Three tools, orchestrated by the LLM itself
The agent uses Function-Calling (base deepseek-chat / Qwen-Agent) and calls three kinds of tools on demand:
business question
└─> LLM agent (Function-Calling) plans
├─ tool: text2sql_tool → pull the needed features
├─ tool: auto_model_tool → fit an interpretable model on the fly
└─ summarize → chart + rules + recommendation
1. Text2SQL tool (pull features)
Uses LangChain's create_sql_agent + SQLDatabaseToolkit over a MySQL business DB. The agent introspects the schema, then generates and runs SQL to pull every feature the model needs (event / holiday / ticket-price / promo / weather + per-capita spend) in one shot:
from langchain_community.agent_toolkits import create_sql_agent, SQLDatabaseToolkit
from langchain_community.utilities import SQLDatabase
db = SQLDatabase.from_uri(MYSQL_URI) # business DB (connection string via env, never committed)
toolkit = SQLDatabaseToolkit(db=db, llm=llm)
sql_agent = create_sql_agent(llm=llm, toolkit=toolkit, verbose=True)
# sql_agent auto-introspects the schema → emits SELECT → runs it → returns rows
2. Auto-modeling tool (this is the net-new angle)
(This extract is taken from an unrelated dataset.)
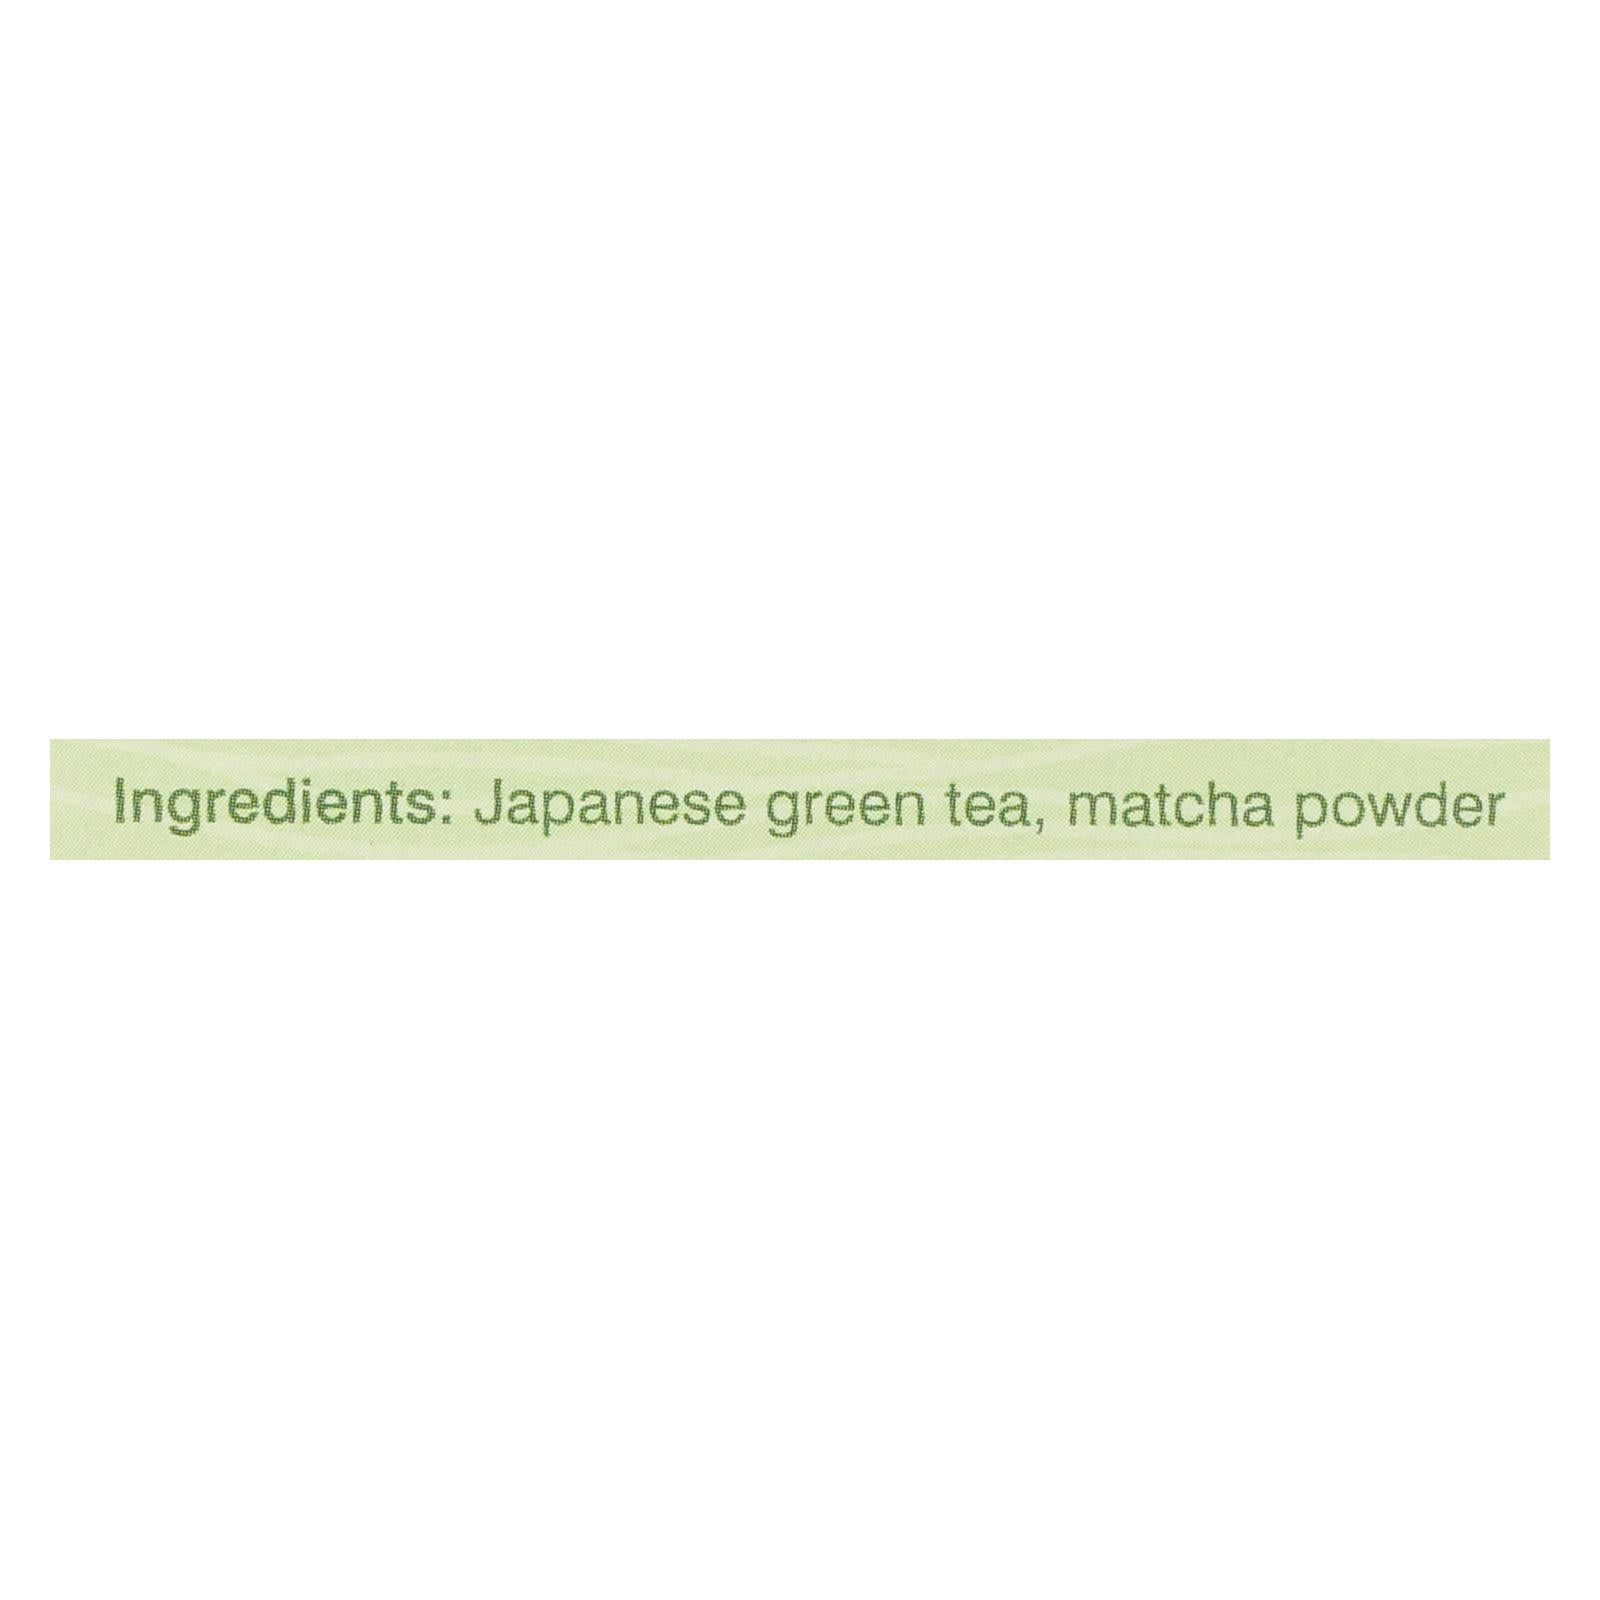 Matcha Love In Matcha Green Tea Traditional Flavor  - Case of 6 - 10 BAGS

With the features in hand, the agent doesn't just plot — it fits an interpretable model on the fly, then reads the coefficients / rules back as plain language. Two paths:
a) Linear regression to decompose per-capita spend — split F&B spend into normal / stored-card / promo terms:
from sklearn.linear_model import LinearRegression
# Money_normal·N_normal + Money_card·N_card + Money_promo·N_promo ≈ revenue
reg = LinearRegression().fit(X, y)
# read reg.coef_ → which term contributes most
b) Decision tree to find drivers — which factors drive F&B revenue (events / holidays / ticket-price / promo / weather):
from sklearn.tree import DecisionTreeRegressor, export_text, plot_tree
tree = DecisionTreeRegressor(max_depth=4).fit(X, y)
print(export_text(tree, feature_names=cols)) # human-readable if-else rules
plot_tree(tree) # tree figure
# tree.feature_importances_ → ranked drivers
max_depth=4 is deliberate: a shallow tree reads cleanly as rules and can be explained to business stakeholders. Interpretability is prioritized over a sliver of fit accuracy — which is exactly the point of this tool.
3. Return: chart + rules + recommendation
Finally the agent summarizes the regression coefficients, decision-tree rules, and feature importances into a plain-language recommendation (e.g. "concentrate promo budget on non-event weekdays; schedule events to cover holidays") with a chart.
What the demo shows
The demo is a replay of the real tool orchestration (illustrative data)
The interactive demo replays one real agent orchestration: given a theme-park F&B business question, watch the LLM call its tools step by step — Text2SQL (create_sql_agent) pulls features, LinearRegression decomposes spend, DecisionTreeRegressor(max_depth=4) + export_text finds the drivers, and a recommendation is produced. The SQL, coefficients, and tree rules use illustrative sample values (labeled as such), but the tools, libraries, and models (create_sql_agent + SQLDatabaseToolkit + LinearRegression / DecisionTreeRegressor + deepseek) come from the course's real code. The course has 58 video lessons with no subtitles, so this is anchored on the real code — with no fabricated metrics.
What this signals
- LLM as analyst, not just translator: from "turn the question into SQL" up to "pull data → build its own model → read off drivers → recommend".
- Interpretability first: linear regression + a shallow decision tree (max_depth=4) are chosen because coefficients and if-else rules can be told to stakeholders, not because they're a black box.
- Tool orchestration: Function-Calling splits Text2SQL and auto-modeling into separate tools; the LLM decides the call order per question.
- Grounded, not slideware: built on the course's real code (langchain / sklearn / deepseek), not a PPT concept.